→ DATASET CONTENT
================================

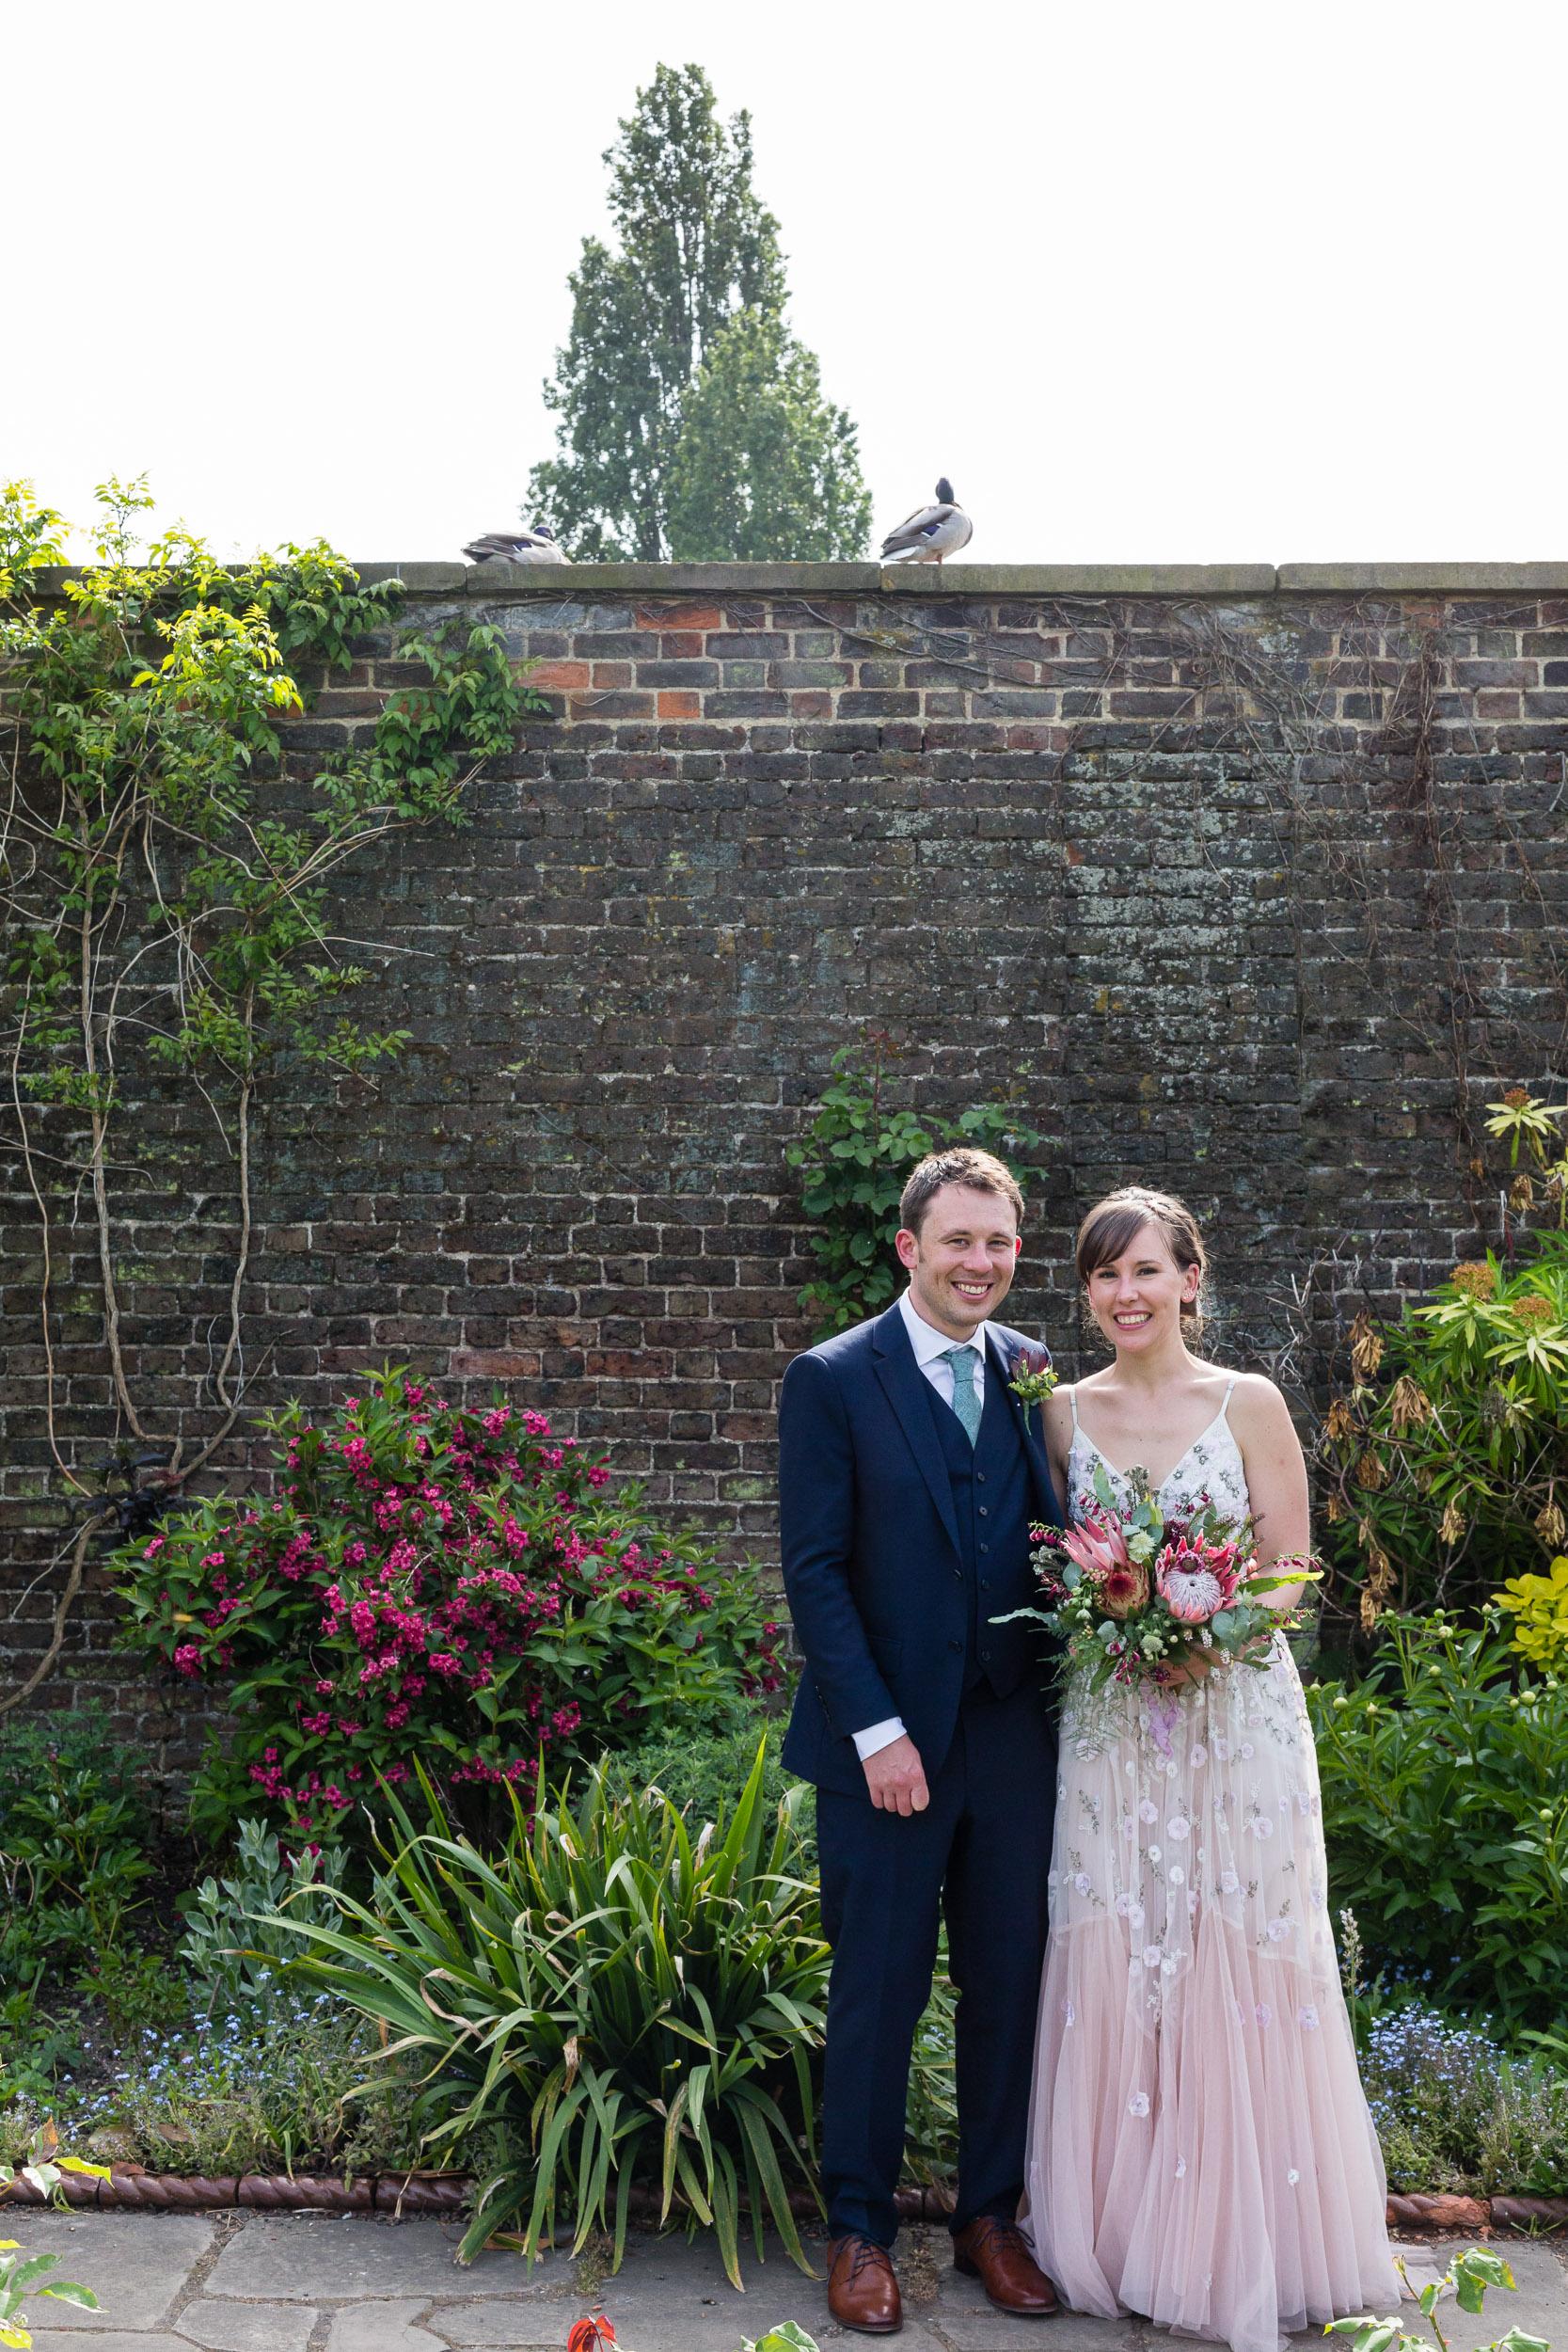 brockwell-lido-brixton-herne-hill-wedding-270.jpg
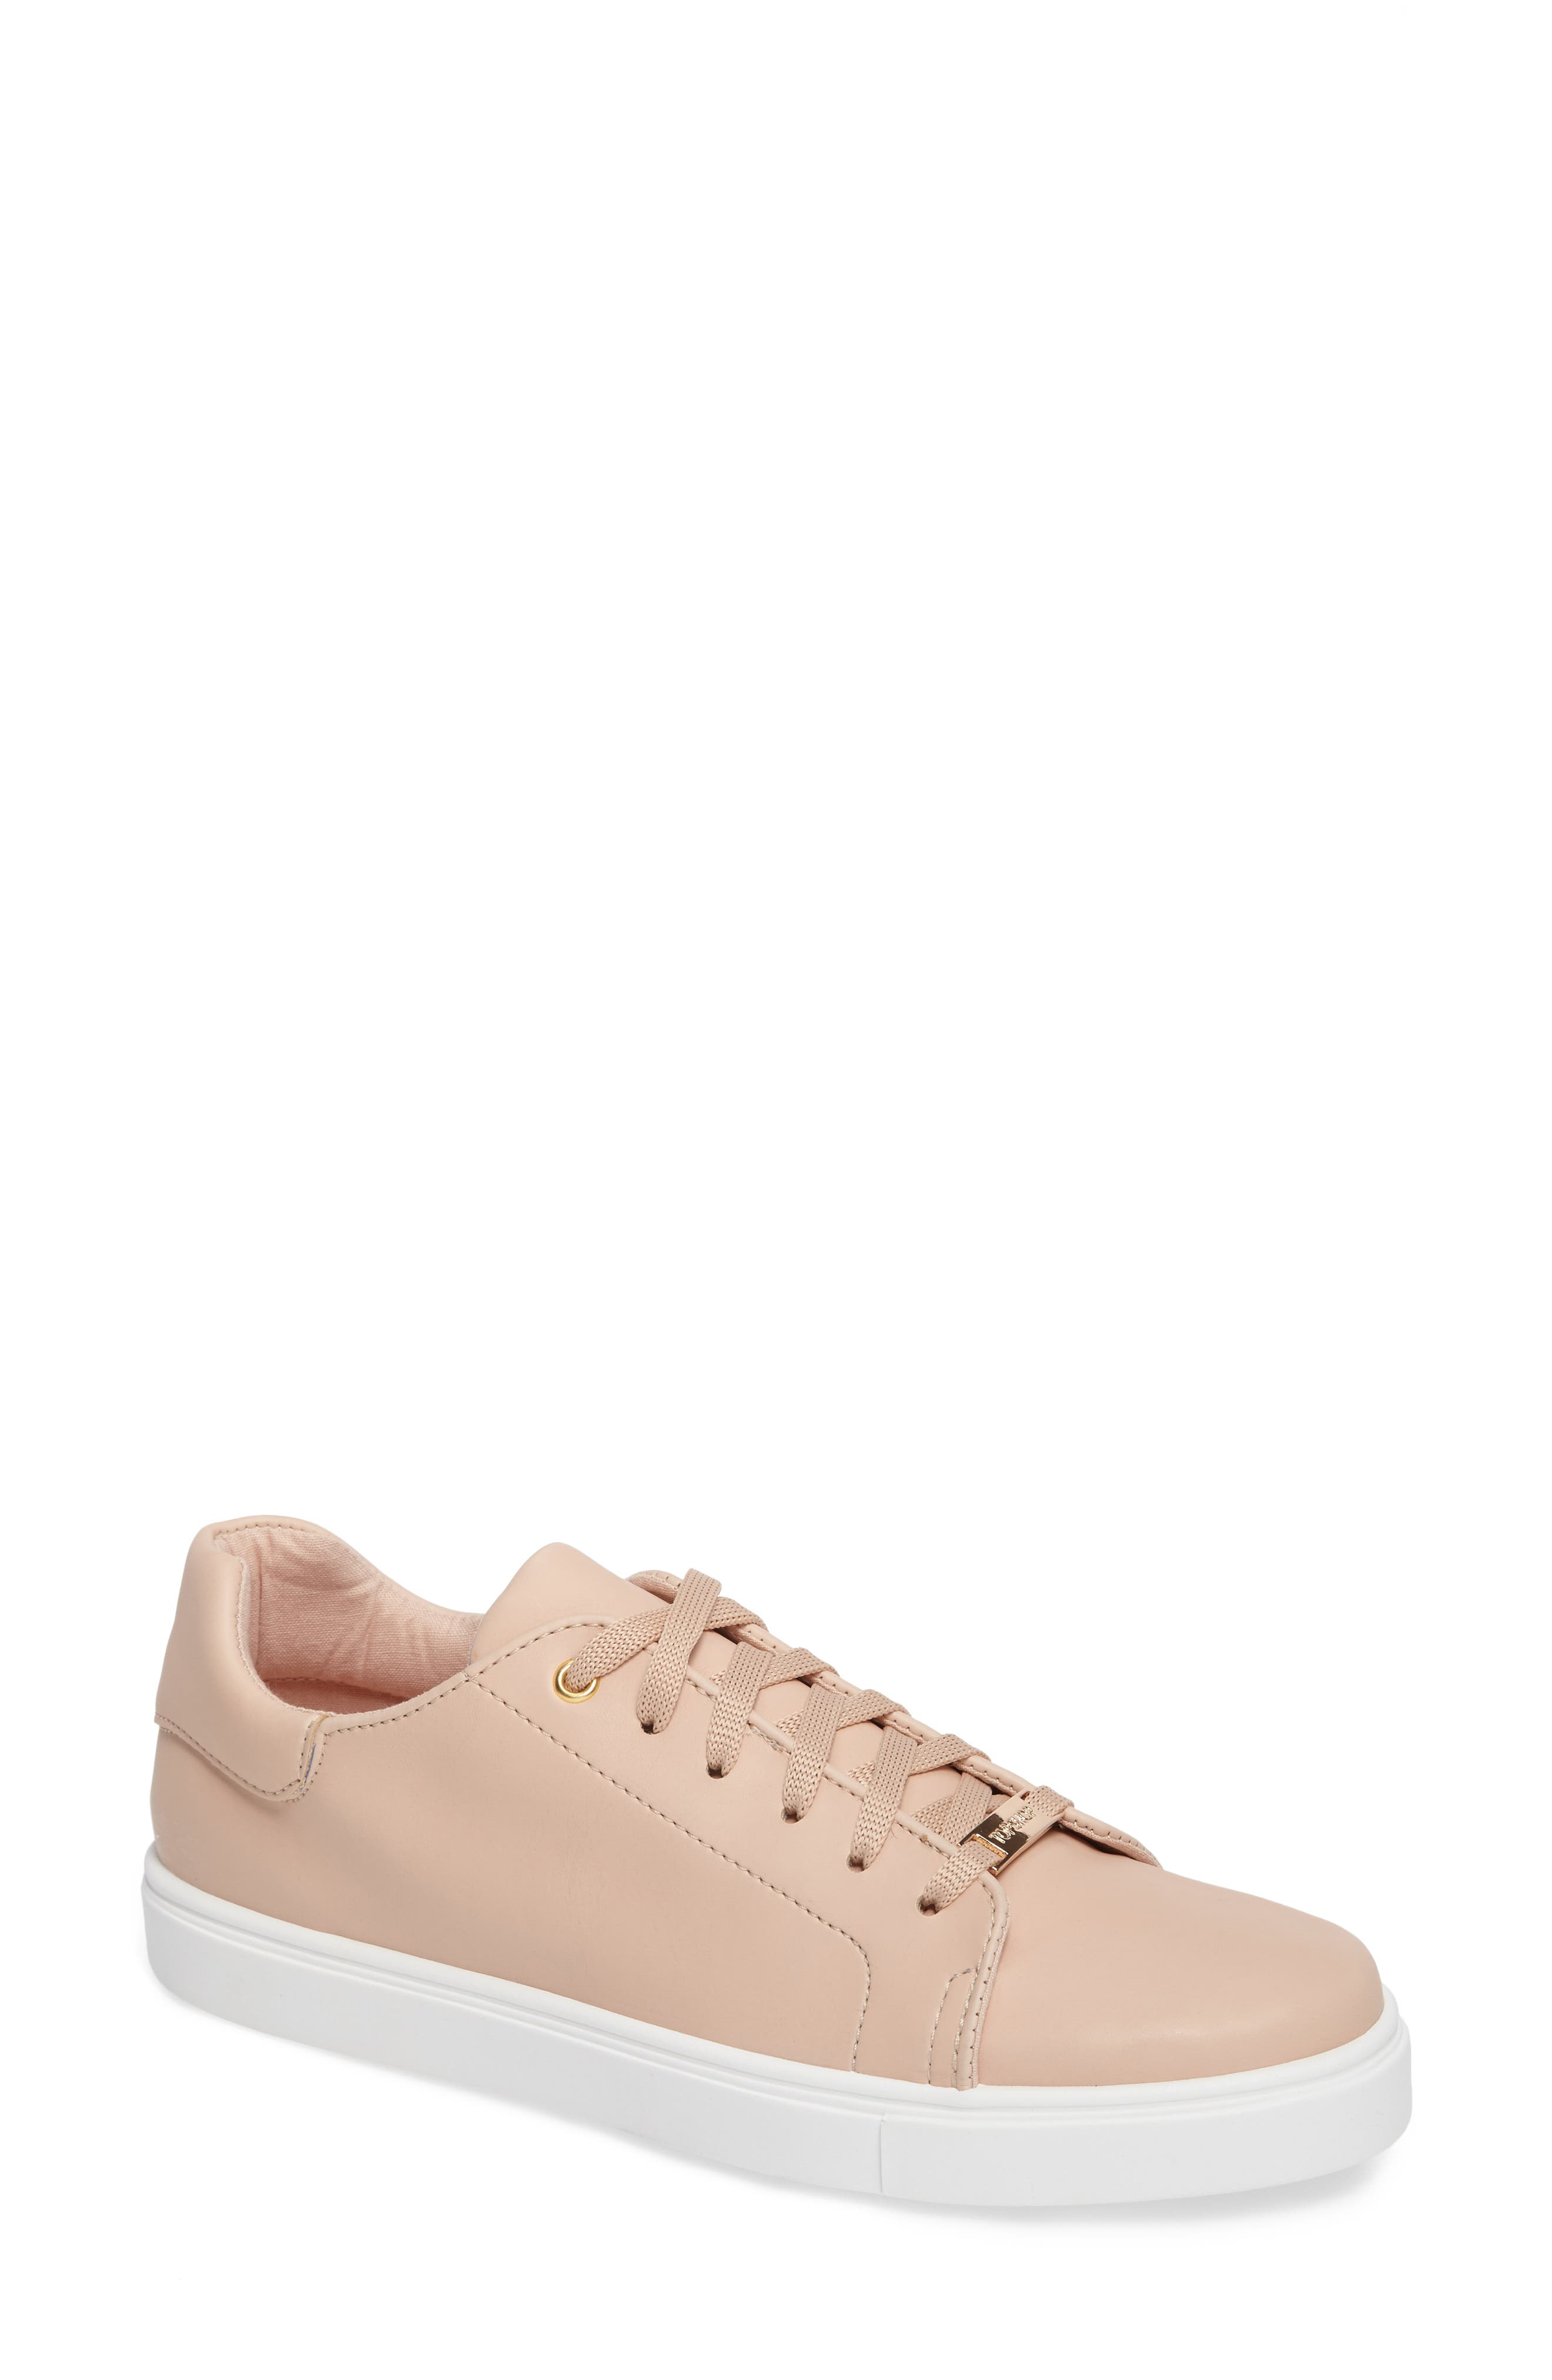 Main Image - Topshop Cluster Sneaker (Women)
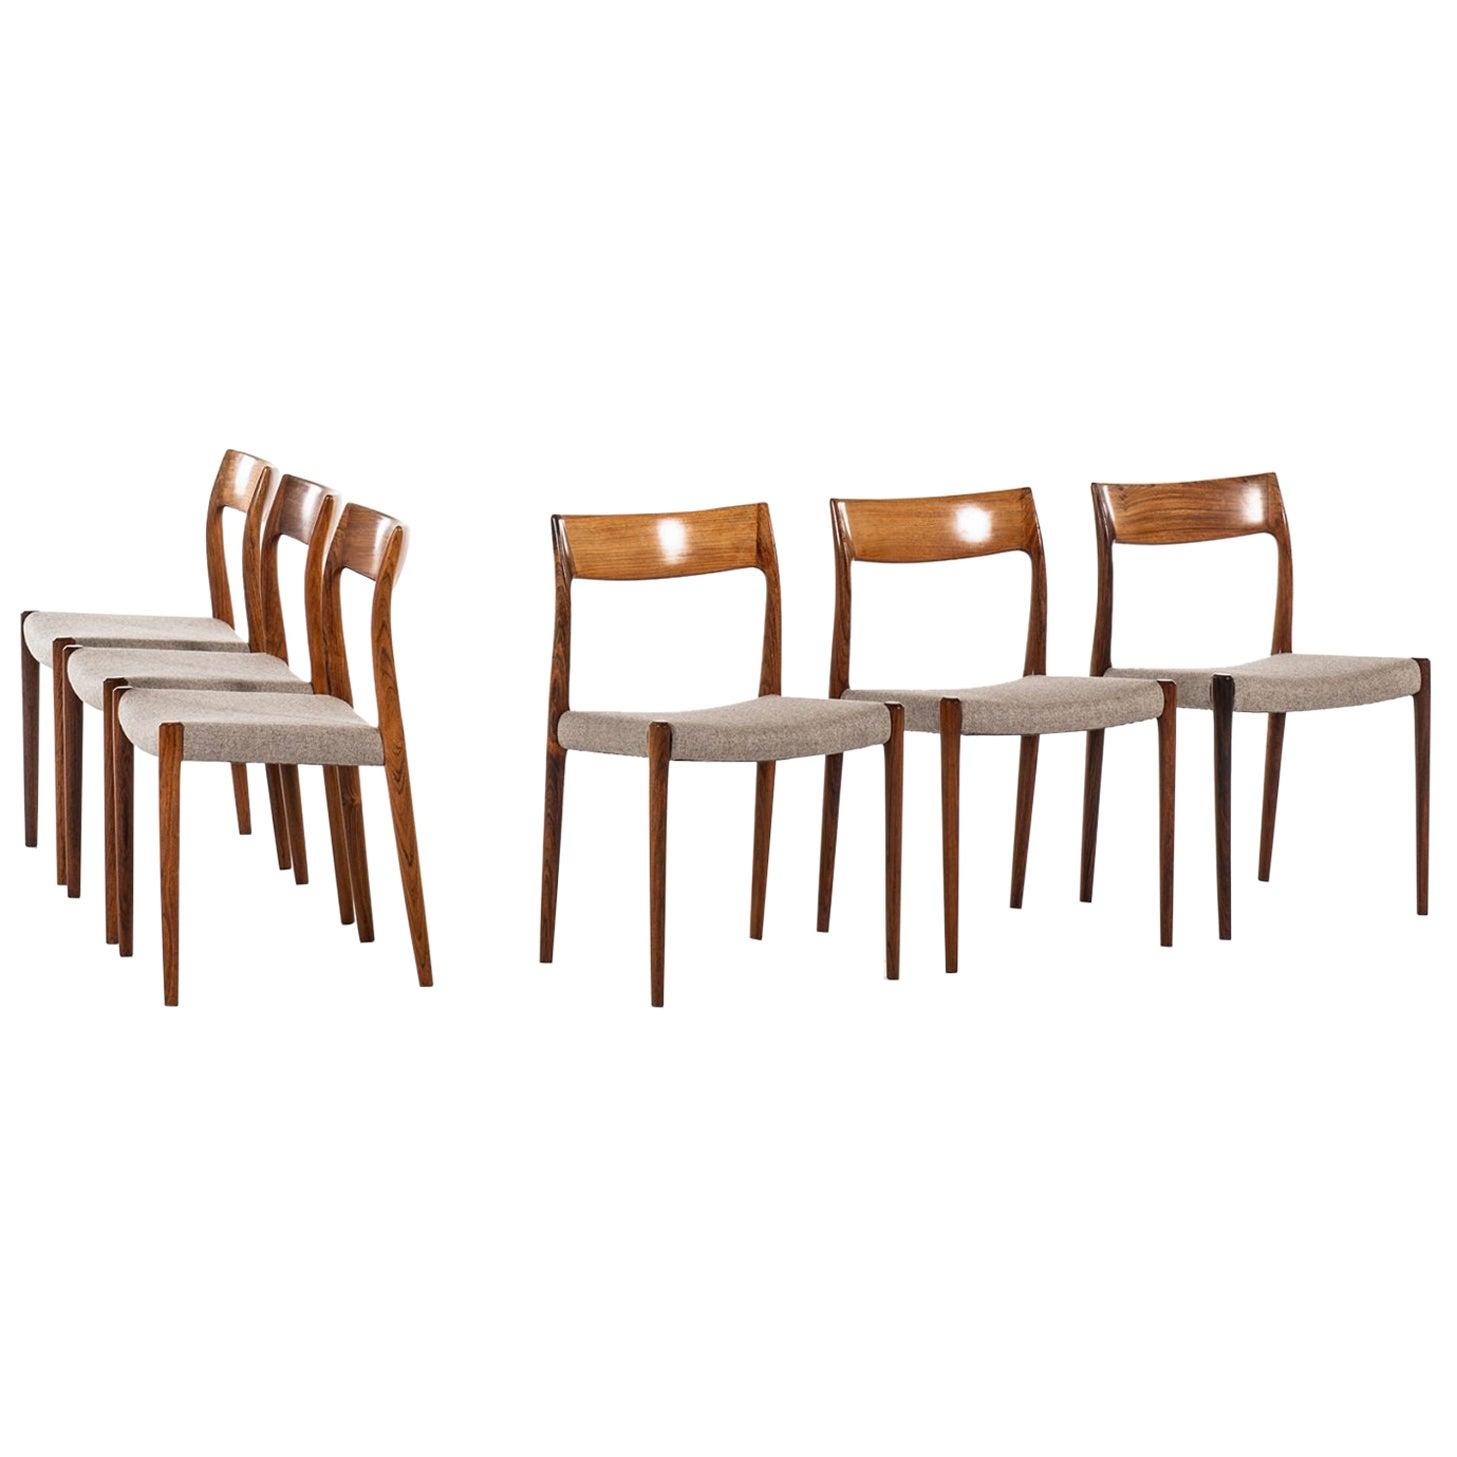 Niels O. Møller Dining Chairs Model 77 by J.L. Møllers Møbelfabrik in Denmark

================================

→ TO DO
Transcribe all of the data above exactly; no picture belongs in the copy.

→ ANSWER TO THIS PROBLEM
 brockwell-lido-brixton-herne-hill-wedding-270.jpg
 Main Image - Topshop Cluster Sneaker (Women)
 Niels O. Møller Dining Chairs Model 77 by J.L. Møllers Møbelfabrik in Denmark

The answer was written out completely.